Ed Martin, the Association of Racing Commissioners International's (ARCI) president and CEO, referenced a letter the organization sent last week to the FTC highlighting “a real Catch-22” come Jan.1 concerning the legality of HISA's ADMC program.

“We are appreciative that the FTC listened and considered the request of the Association of Racing Commissioners International not to create regulatory uncertainty on Jan. 1 by approving the proposed HISA rules,” Martin told the TDN.

“Whoever got brought up on a charge could potentially have appealed it ad nauseam, and maybe win, which means there might be no rules in effect. That was the danger here,” Martin speculated. “They might be mad at me for bringing it up, but it needed to be brought up.”

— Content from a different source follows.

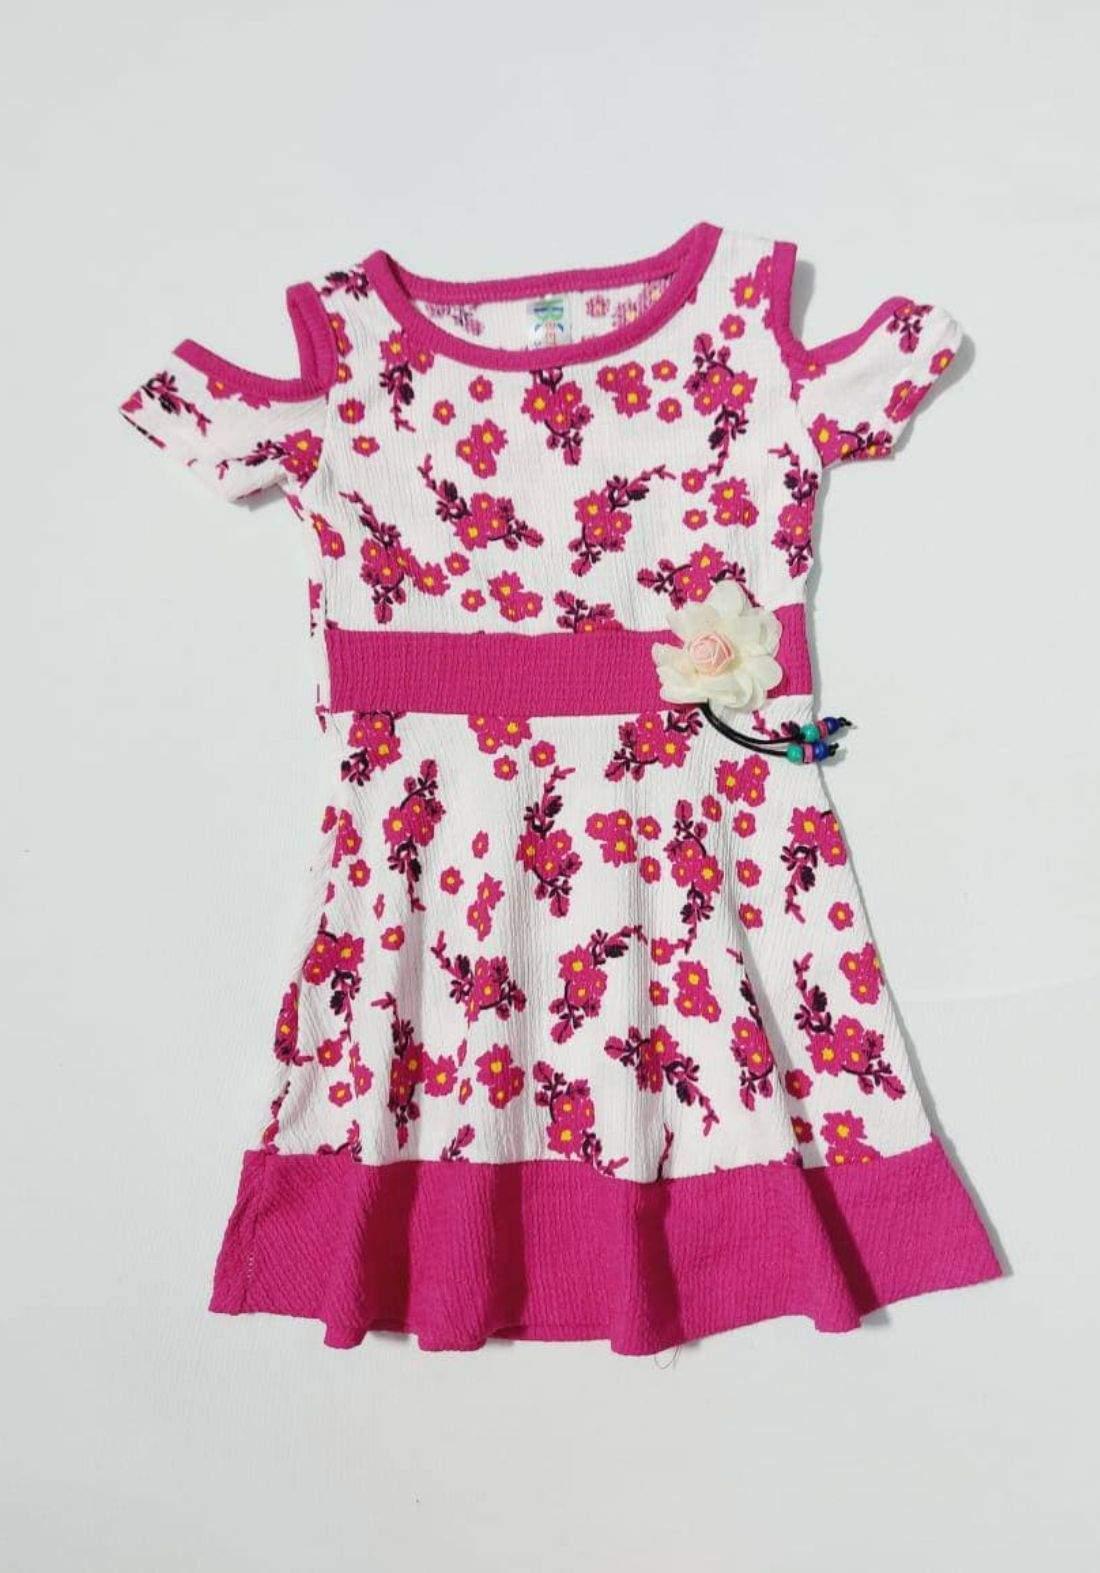 Dress for girls pink  فستان بناتي وردي

The following is HISA's full statement in response to the FTC order:

“HISA appreciates the Federal Trade Commission's (FTC) decision to deny HISA's draft Anti-Doping and Medication Control (ADMC) rules without prejudice as we actively seek to resolve current legal uncertainties. HISA is eager to launch Thoroughbred racing's first and long-awaited national, uniform ADMC program and stands ready to do so. We will re-submit the draft ADMC rules to the FTC for their review as soon as these legal uncertainties are resolved, and once approved, we will implement the program through the Horseracing Integrity and Welfare Unit (HIWU). In the meantime, HIWU will continue to work toward the implementation of a uniform, independent anti-doping and medication control program that is administered consistently and fairly across the United States.”

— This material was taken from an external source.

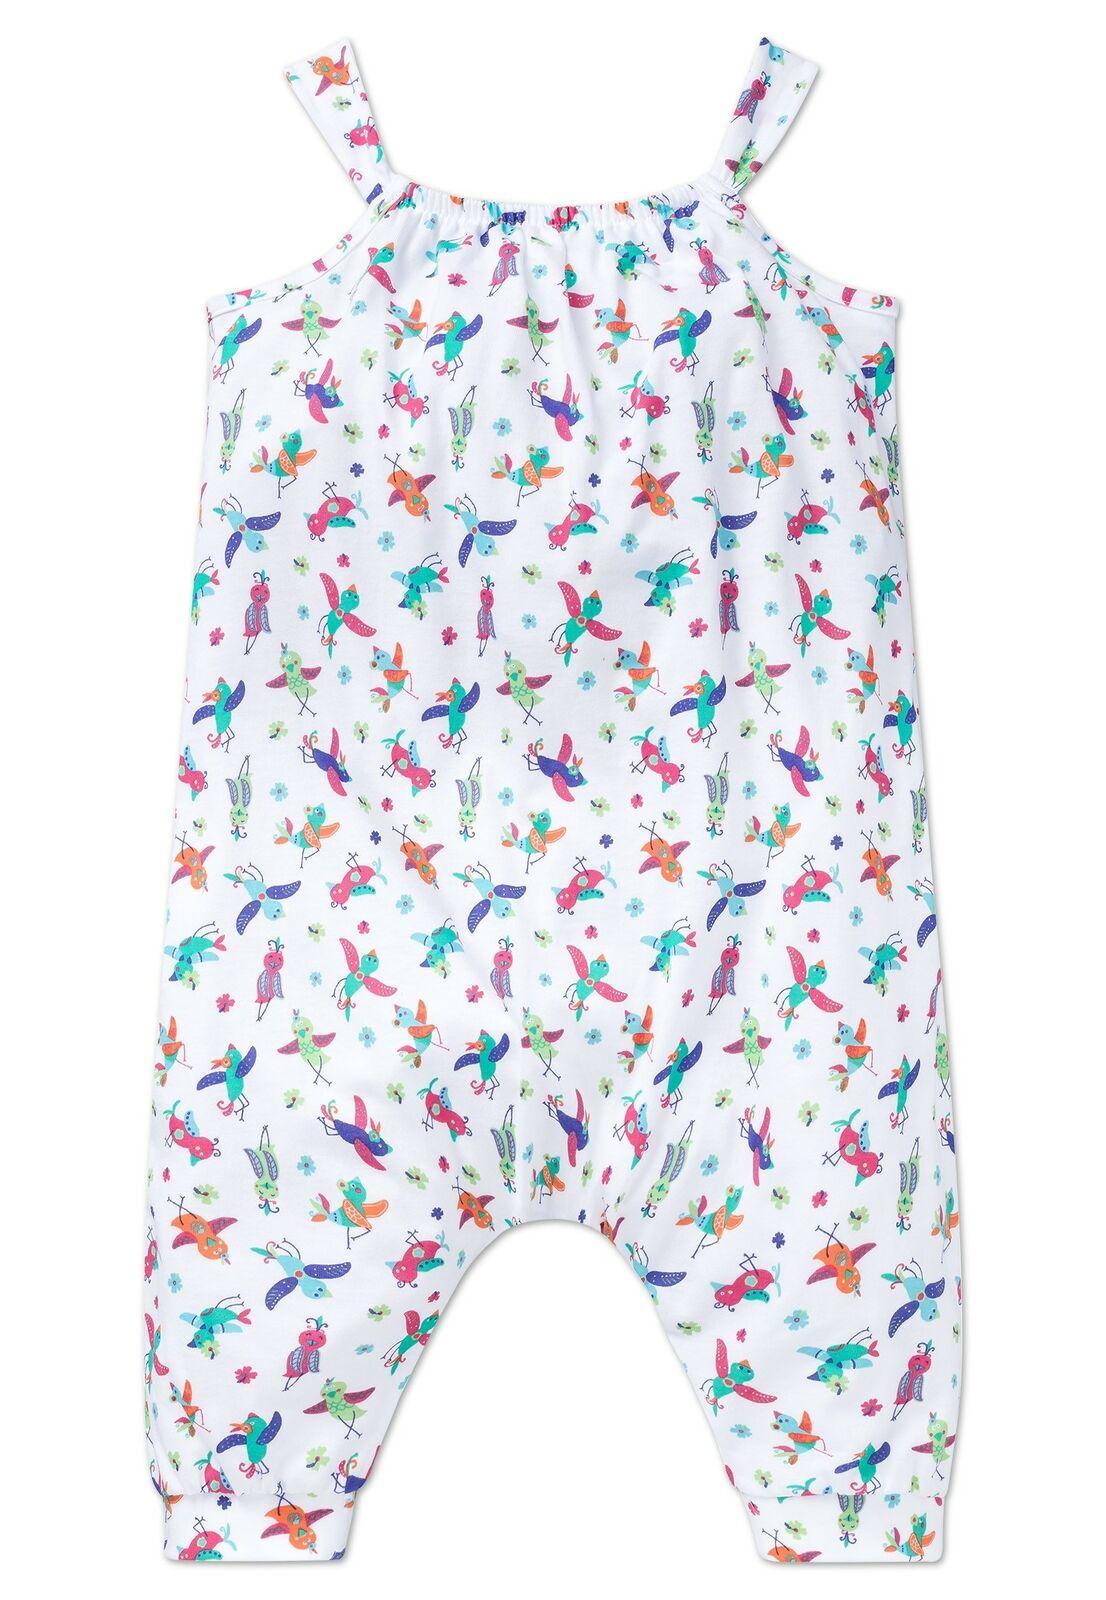 SCHIESSER Mädchen Schlafanzug Pyjama Overall Jumpsuit Tropical Bird NEU*UVP24,95

In a statement, National HBPA CEO Eric Hamelback wrote, “The recent FTC decision is another positive step forward for horsemen in our battle against the unconstitutional takeover of our industry. The strength of our legal arguments led to a unanimous decision in the Fifth Circuit, and now the FTC has done the right thing in declining to defy a federal court that has found HISA unconstitutional. The FTC order is clear: state law continues to govern medication issues until our final victory in this case.”